Planning of the transport is critical. To obtain transport costs, accurate weight and dimensions are the first requirement. Since actually weighing machinery or components during the dismantle phase of a project is rarely an option, it is essential that you have accurate weights and dimensions of the goods to be transported. This information is vital in determining the transport equipment required to move the goods. Most large machinery exceeds the weight capacity of a standard five- axle tractor/ trailer combination. In these cases, higher-capacity transport equipment must be specified, routes must be established, and special permits must be obtained. Again, timing is essential as some individual state permits can require four to six weeks to obtain. The best source of this information is likely to be the original equipment manufacturer.

The second consideration is the ultimate destination, which will determine the transport equipment needed, permit requirements, and preparation and packaging requirements.
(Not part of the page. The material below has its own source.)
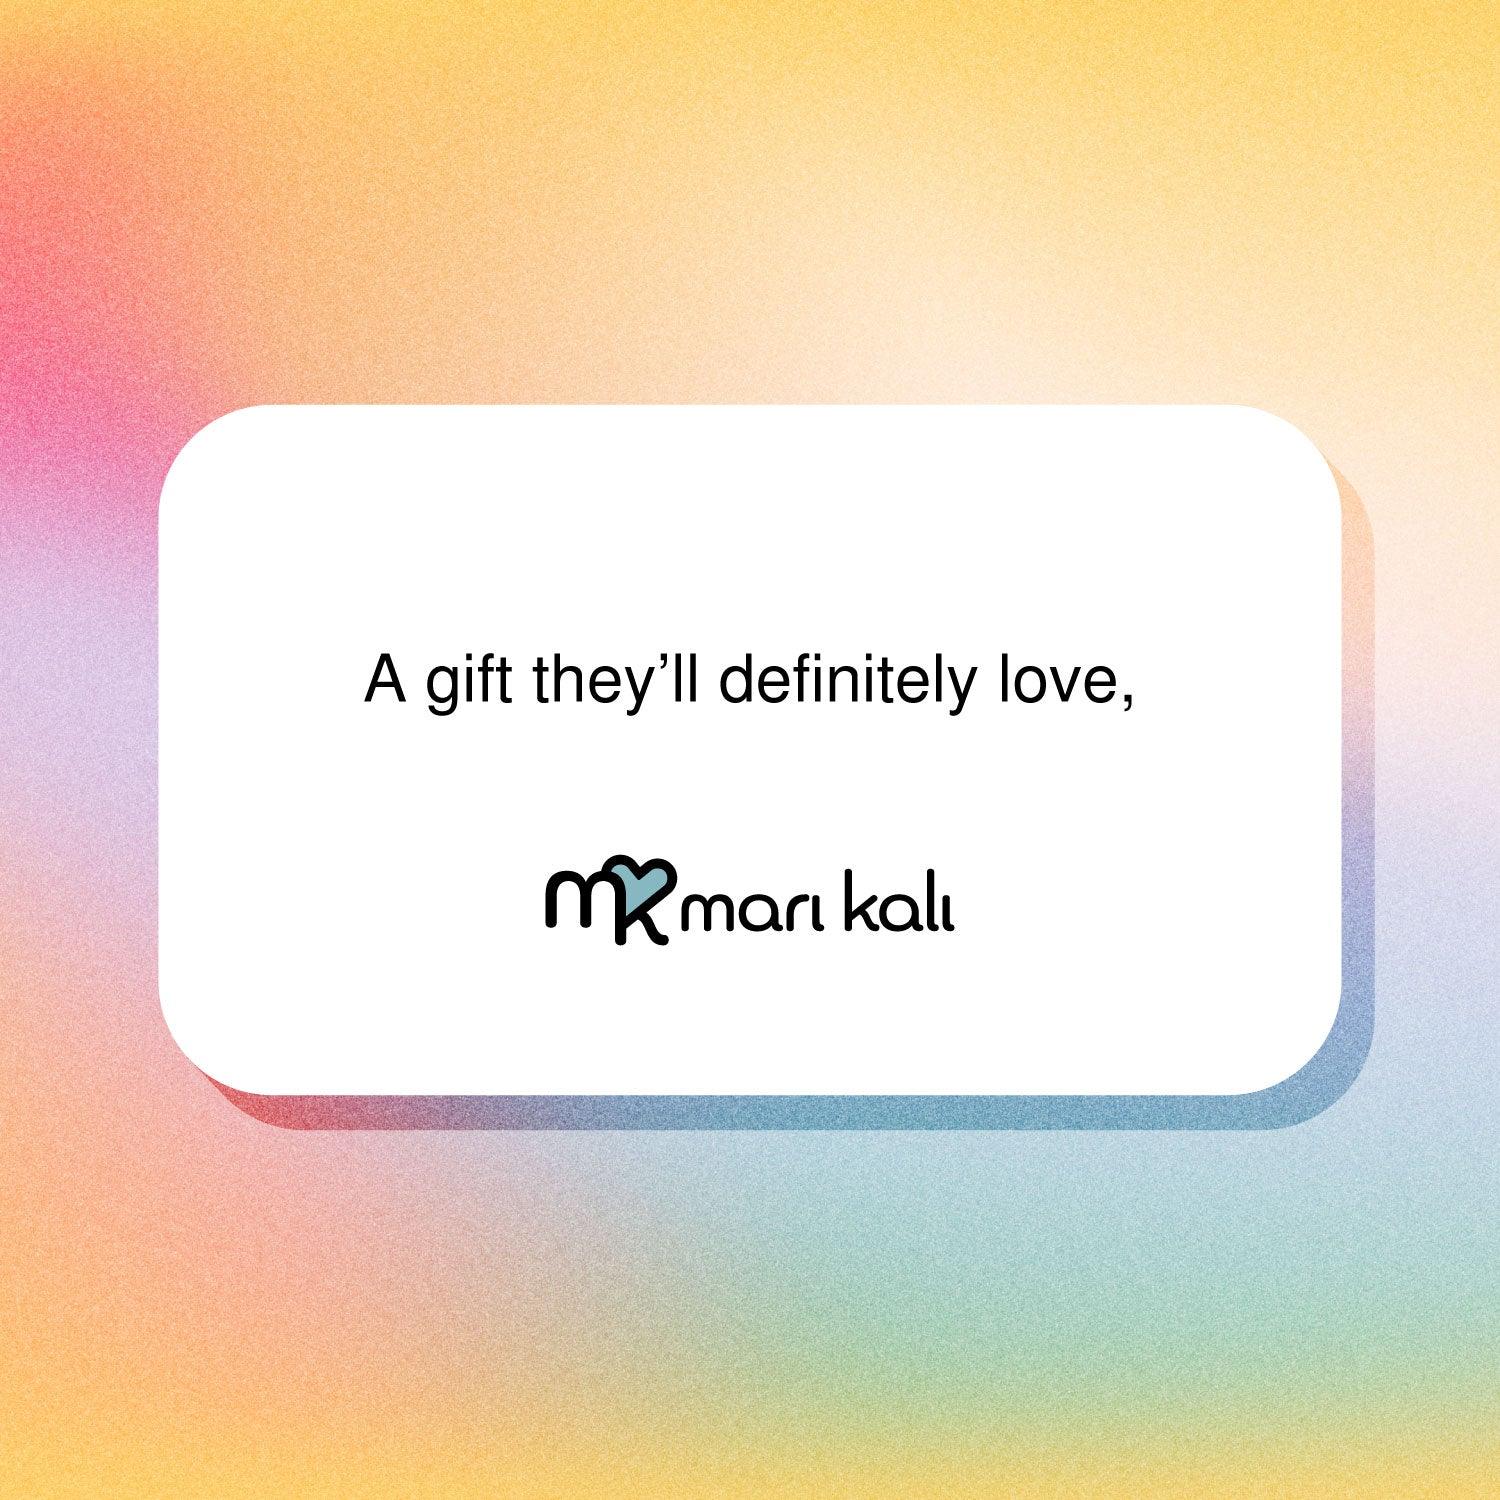 Mari Kali Gift Cards - mk gift card - Mari Kali Stores Cyprus

States have different requirements for overweight and overdimensional loads, so it is essential to find equipment that can meet the requirement of all states that the loads must travel into or through. Some countries simply do not have the infrastructure to support extremely heavy or wide loads. In these cases, the only option may be to fully dismantle the machinery prior to loading.

When shipping internationally, the machinery must be preserved and packaged in an appropriate manner. Examples are full-case packaging that must have a vapor barrier for ocean shipping, and specific requirements for treated lumber for shipping into Mexico.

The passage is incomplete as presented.